# The data:
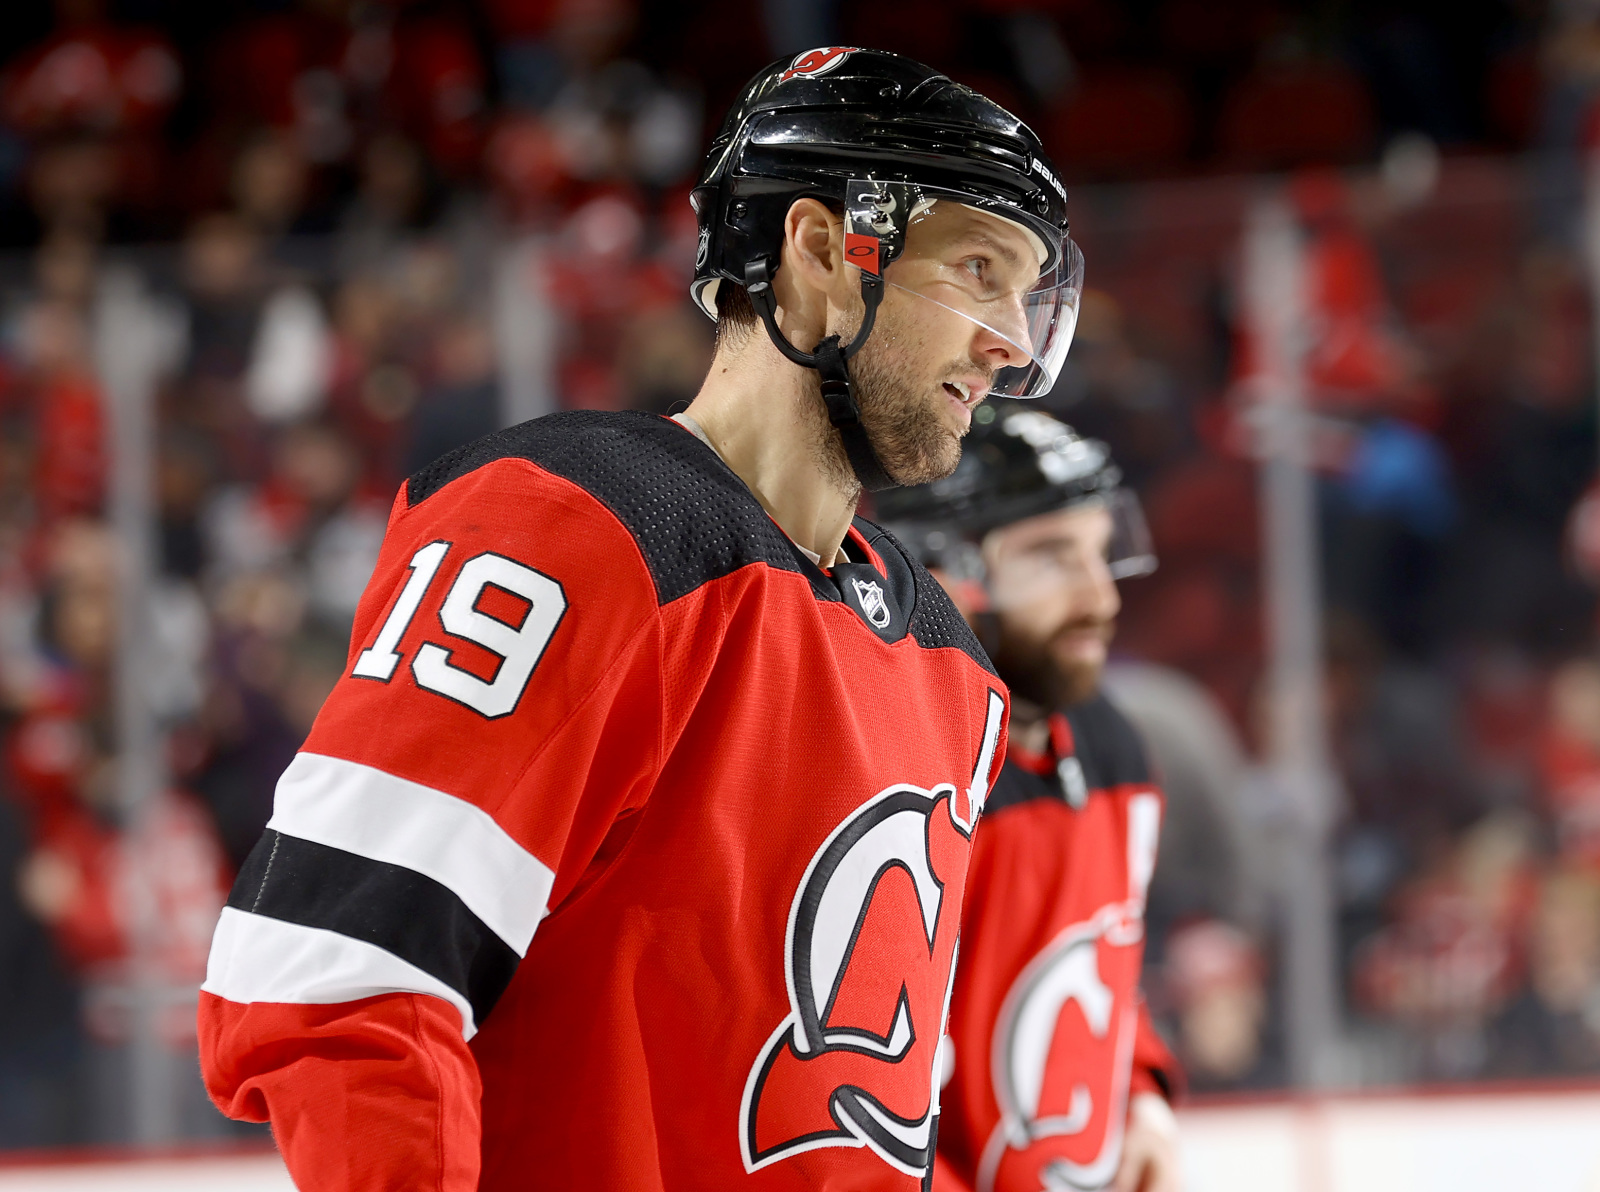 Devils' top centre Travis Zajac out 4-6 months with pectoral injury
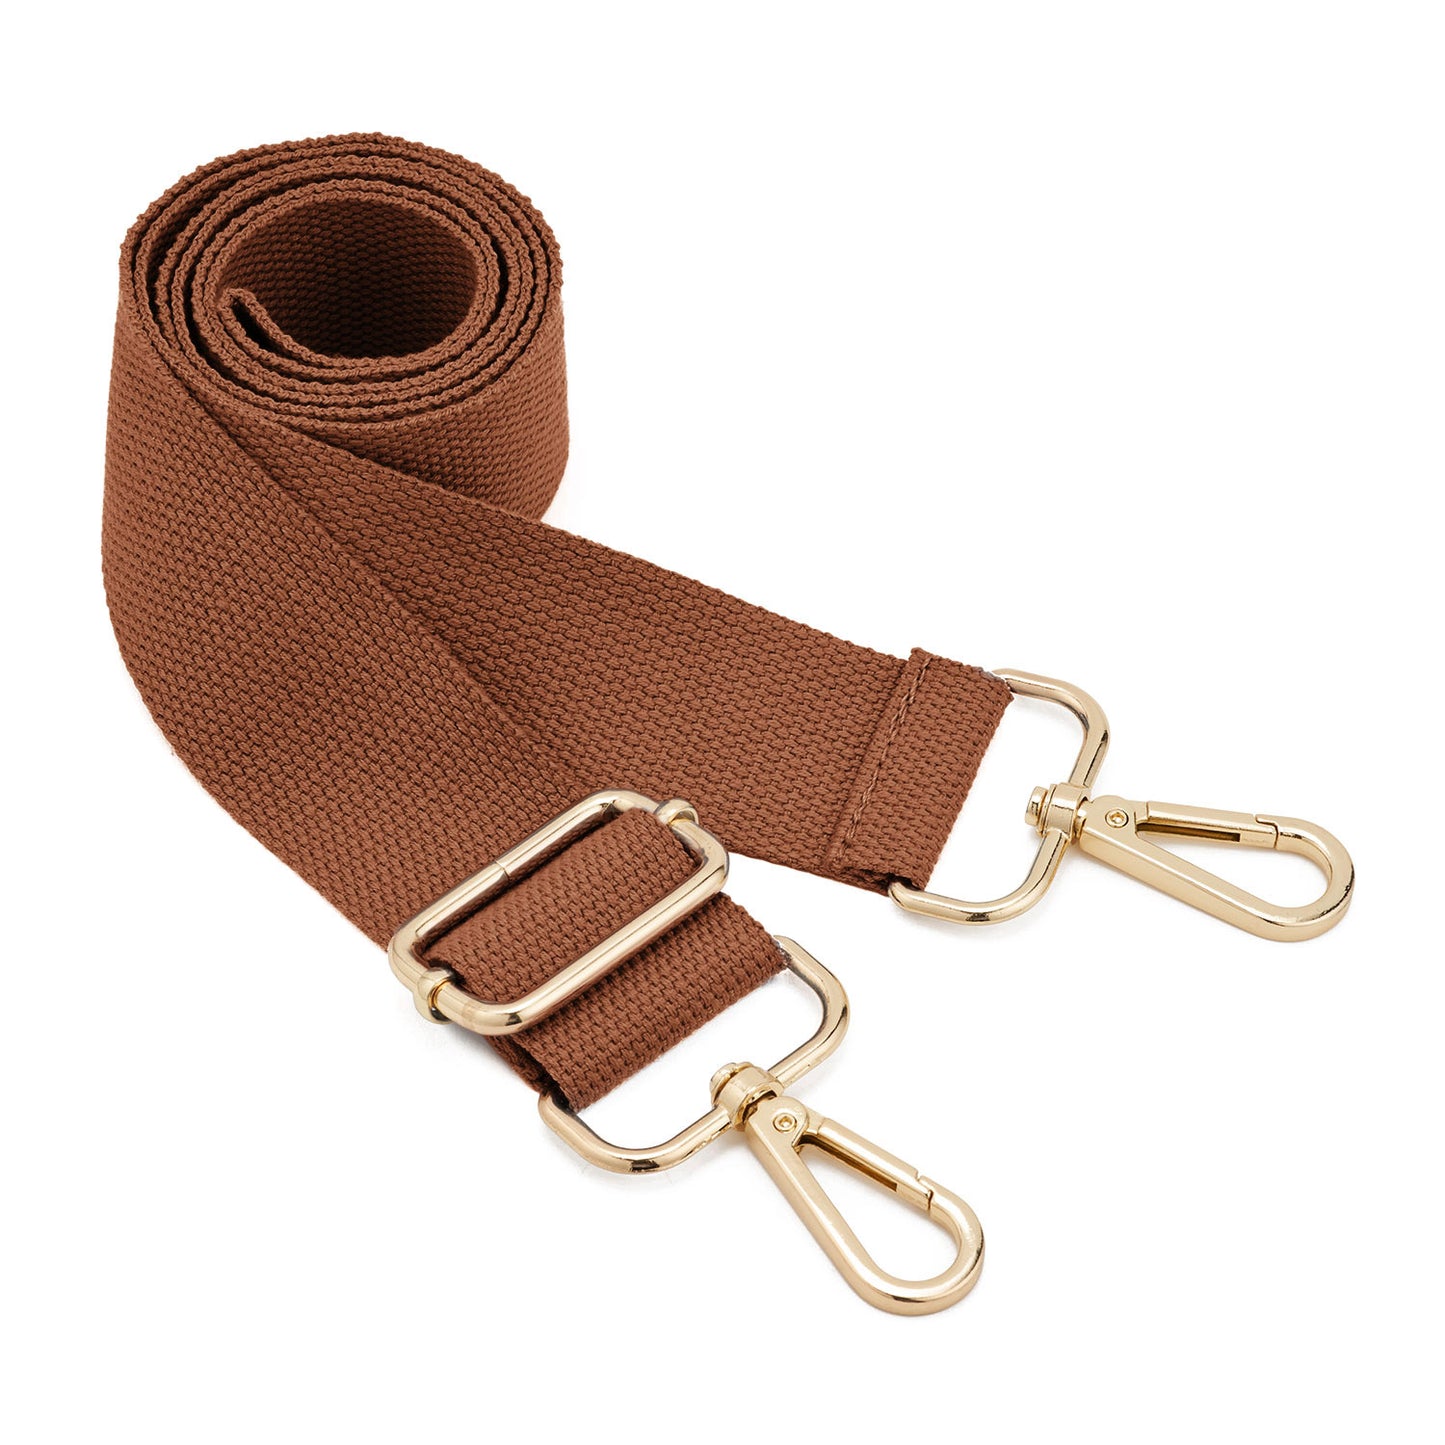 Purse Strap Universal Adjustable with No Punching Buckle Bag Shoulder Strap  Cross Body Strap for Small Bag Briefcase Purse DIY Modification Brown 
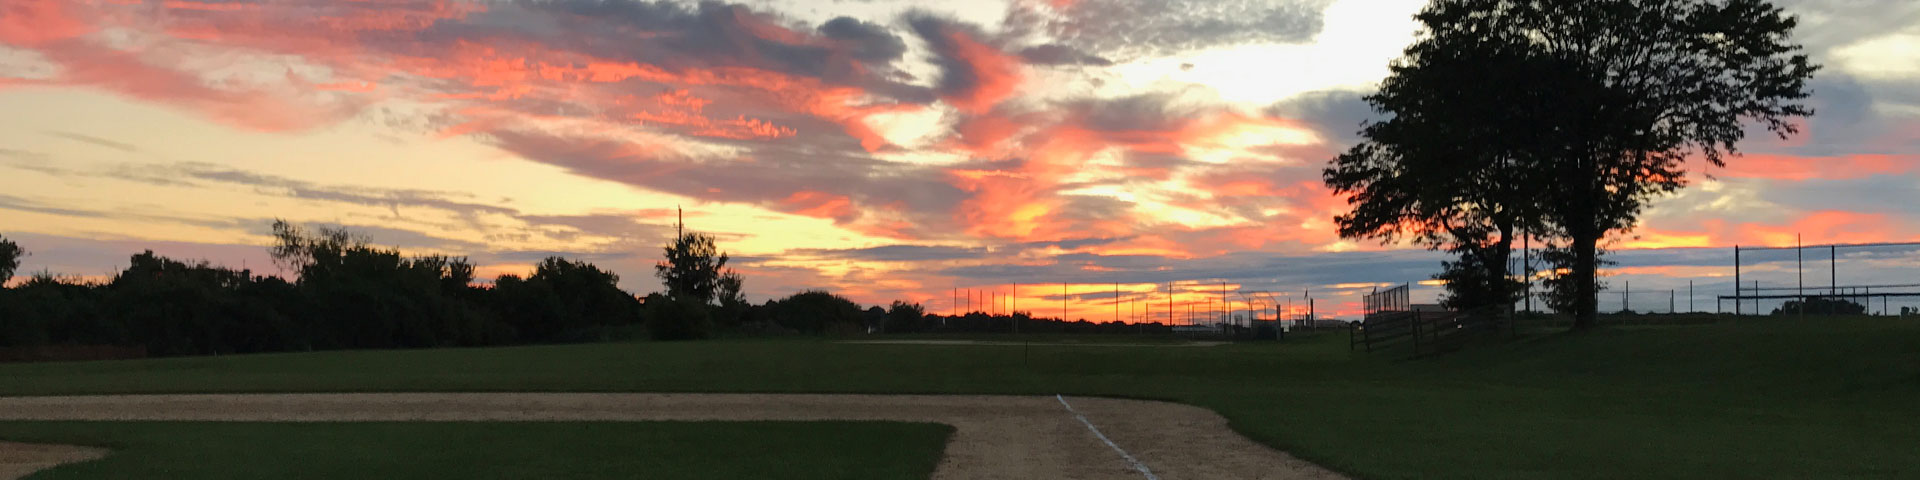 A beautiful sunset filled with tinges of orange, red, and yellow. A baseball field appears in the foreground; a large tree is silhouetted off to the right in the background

# Exercise prompt:
Copy out the lines above in full and unaltered, apart from the pictures.

# Your response:
 Devils' top centre Travis Zajac out 4-6 months with pectoral injury
 Purse Strap Universal Adjustable with No Punching Buckle Bag Shoulder Strap  Cross Body Strap for Small Bag Briefcase Purse DIY Modification Brown 
 A beautiful sunset filled with tinges of orange, red, and yellow. A baseball field appears in the foreground; a large tree is silhouetted off to the right in the background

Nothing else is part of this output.